--- WHAT TO PRODUCE ---
Going line by line through the records below, write out everything starting with the line containing "1251 #2F649C Residential" and going on through the line containing "Haltbare Mode billige", exactly and inclusively. Pictures do not go in.

--- MATERIALS PROVIDED ---

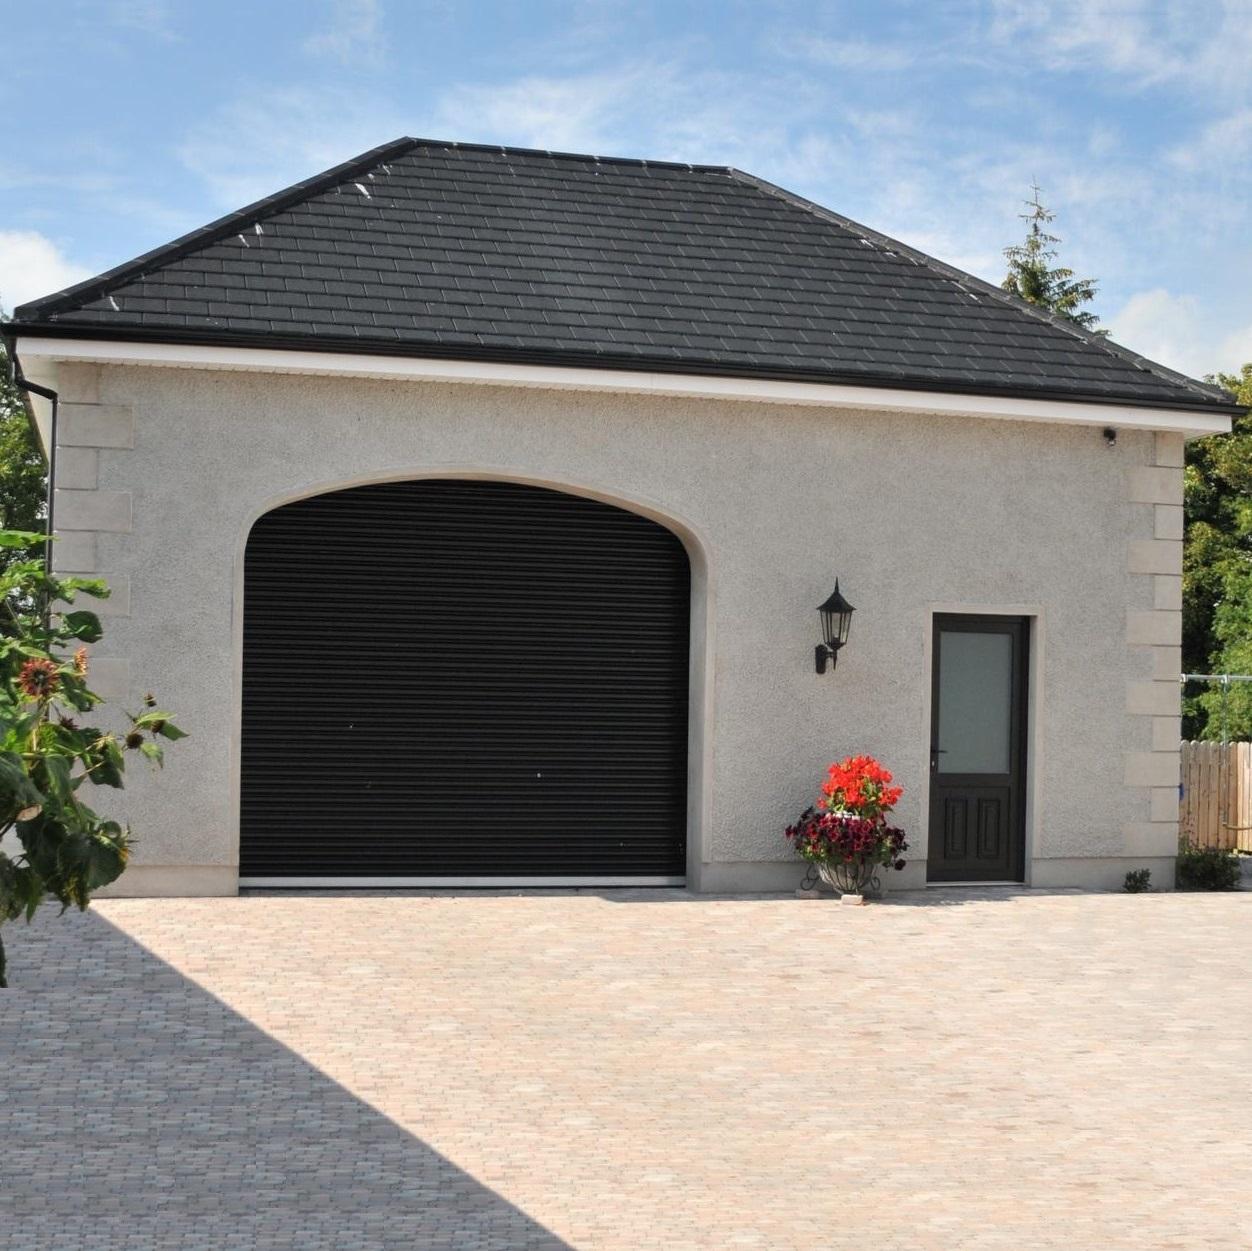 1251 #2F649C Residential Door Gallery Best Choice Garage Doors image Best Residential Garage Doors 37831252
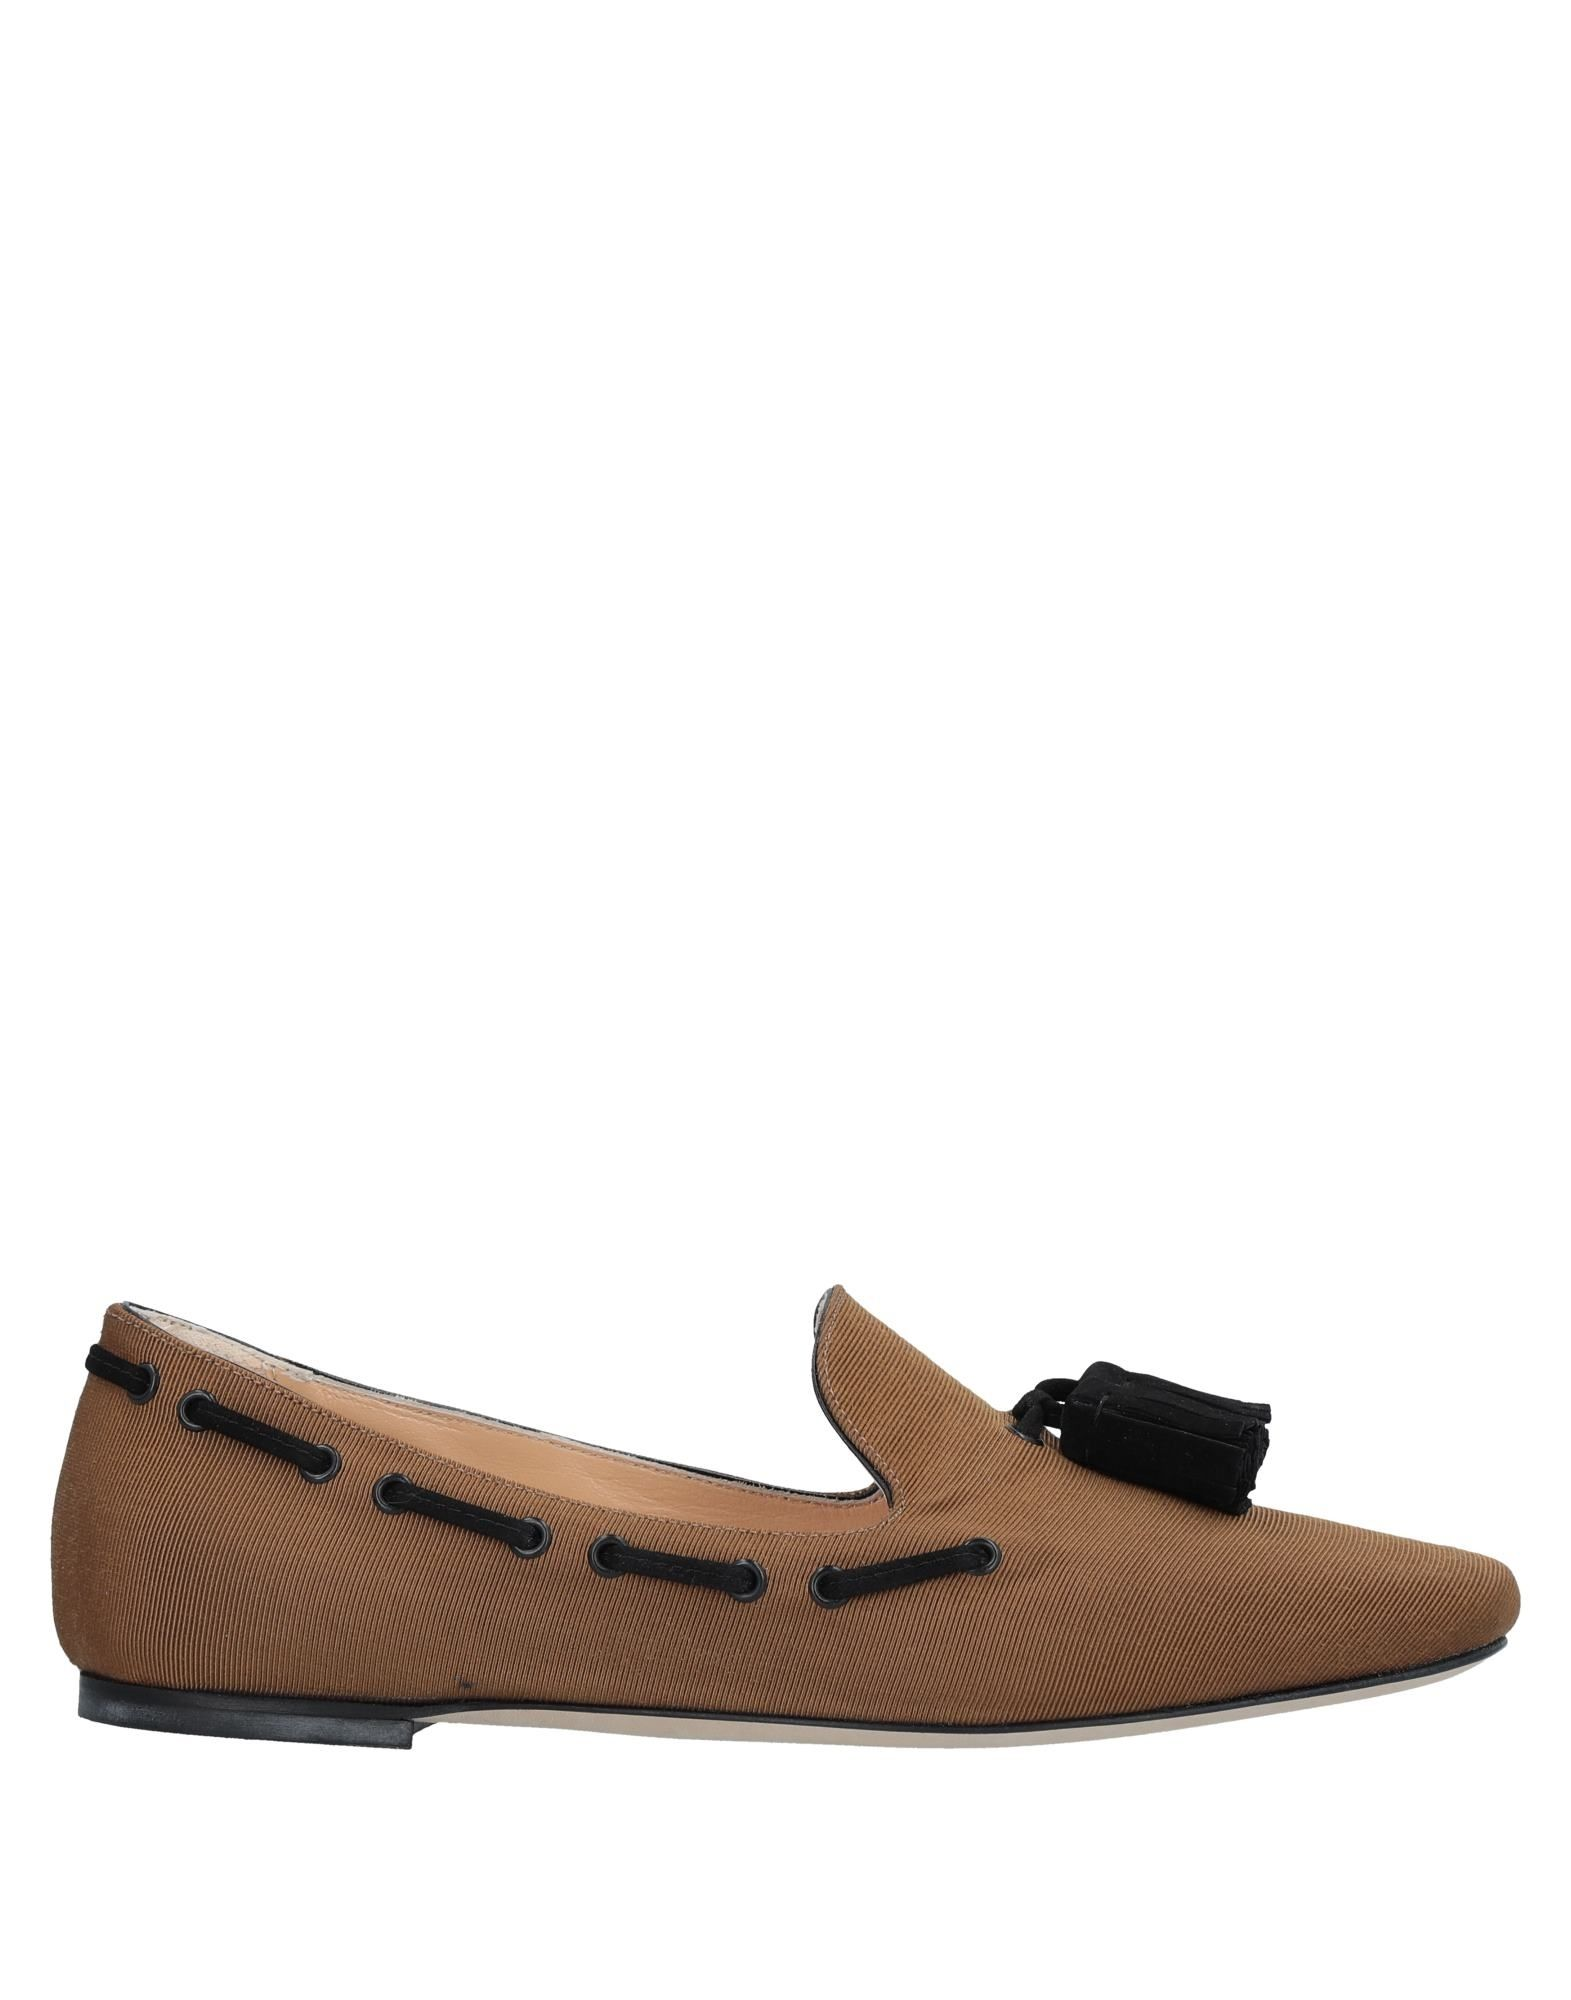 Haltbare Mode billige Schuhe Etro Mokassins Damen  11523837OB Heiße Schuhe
--
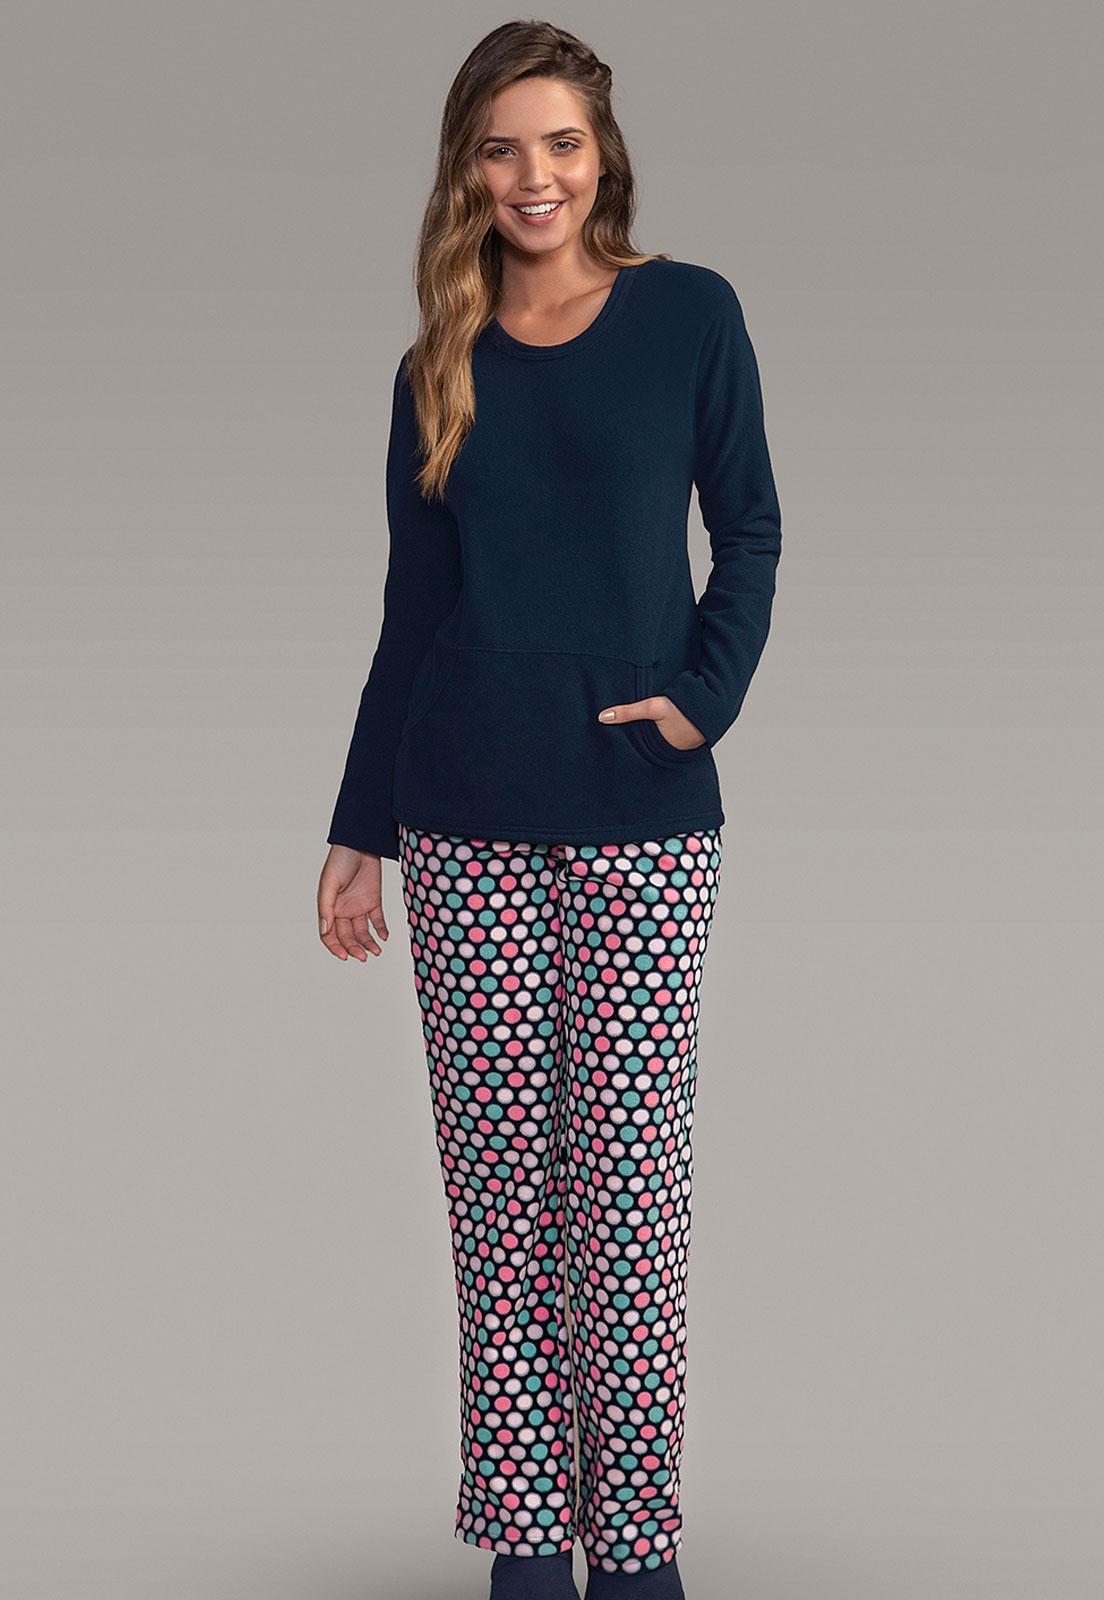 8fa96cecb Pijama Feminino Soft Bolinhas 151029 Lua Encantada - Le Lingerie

--- PROBLEM SOLUTION ---
 1251 #2F649C Residential Door Gallery Best Choice Garage Doors image Best Residential Garage Doors 37831252
 Haltbare Mode billige Schuhe Etro Mokassins Damen  11523837OB Heiße Schuhe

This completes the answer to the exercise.